Hillary Clinton said it was good to be with Donald Trump. Trump said he probably agreed with Clinton on child care. But it didn’t last long.

But Clinton, perhaps surprisingly, was the aggressor all night. She threw the first jabs, saying Trump’s father loaned him $14 million and that he was pushing “Trumped-up trickle-down” to mainly help the wealthy.

Trump came back by saying his dad gave him “a small loan,” made a show of calling her “Secretary Clinton” and said she should have started pushing for jobs years earlier.

“Donald was one of the people who rooted for the housing crisis,” she said.

“That’s called business, by the way,” he interrupted.

Another jab: Clinton said Trump called climate change a hoax. Another interruption: Trump insisted he never said that.
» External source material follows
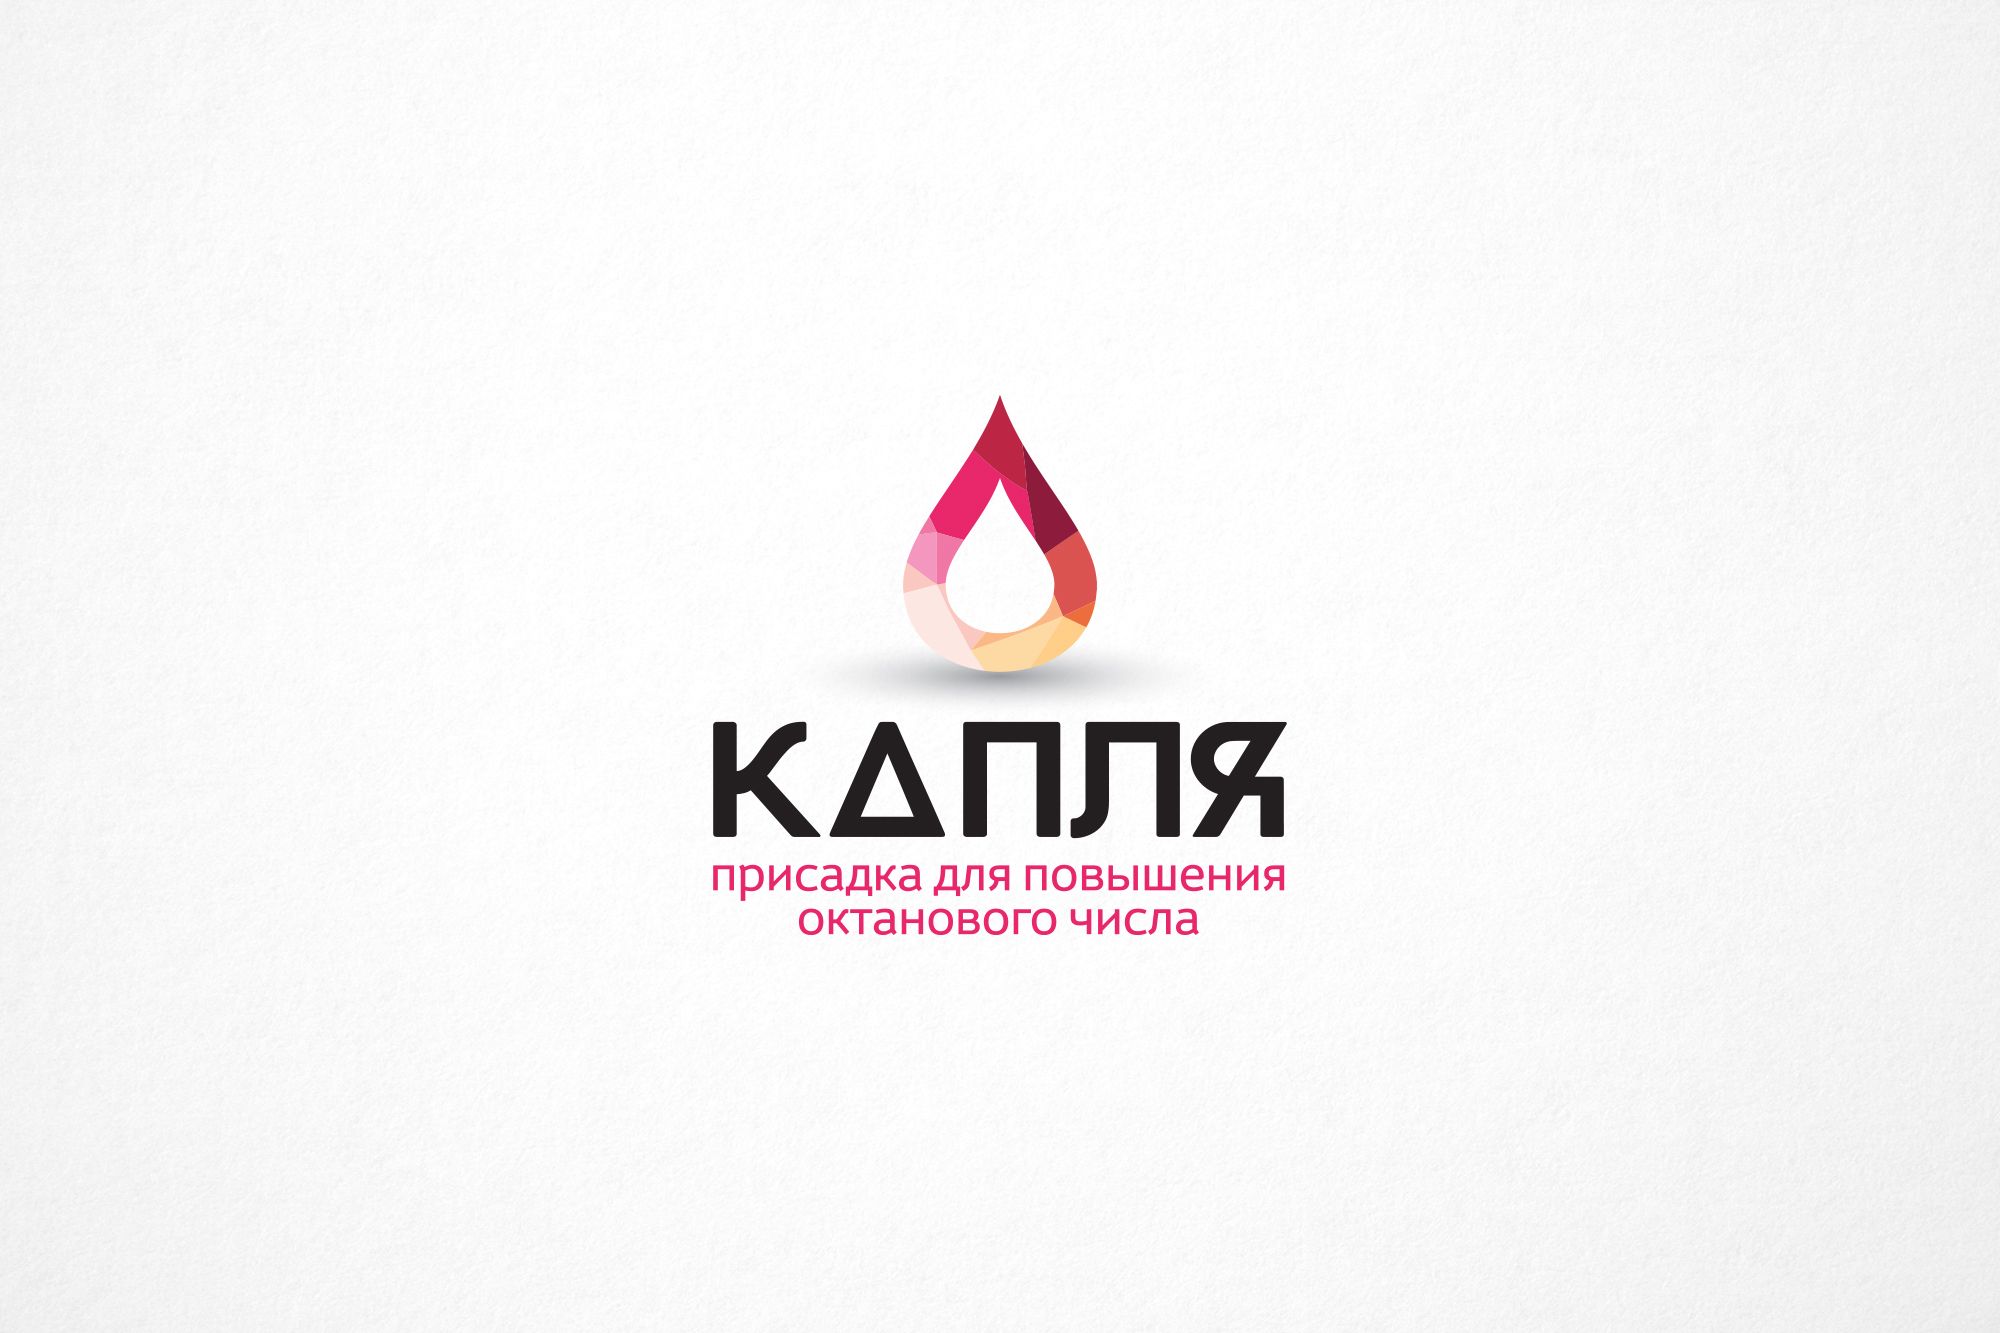 Лого для присадки повышения октанового числа Капля - дизайнер Da4erry

When Trump insisted Clinton did nothing to create jobs for 30 years, she smiled and played the spousal card: “I think my husband did a pretty good job in the 1990s.”

It was 20 minutes into the faceoff when Trump finally went on offense, accusing Clinton of dropping her support for the Pacific trade deal to match his opposition.

“You called it the gold standard,” he said.

“Donald, I know you live in your own reality, but that is not the facts,” Clinton countered.

As the debate wore on, Clinton acted bemused at Trump’s charges, smiling and at one point suggesting he was saying “crazy” things. That seemed to aggravate the Republican nominee, who started talking faster and louder in pressing his case.

The good news for Trump is that he was debating serious issues with the former secretary of State, made no obvious gaffes and delivered no low blows.

His overarching indictment seemed to be that politics as usual had created a mess in the country: “Typical politician. All talk, no action, never gonna happen.”

The debate heated up when Holt asked why Trump wouldn’t release his tax returns. He gave his standard answer about an IRS audit but said he’d disclose them if Clinton would release her 33,000 deleted emails.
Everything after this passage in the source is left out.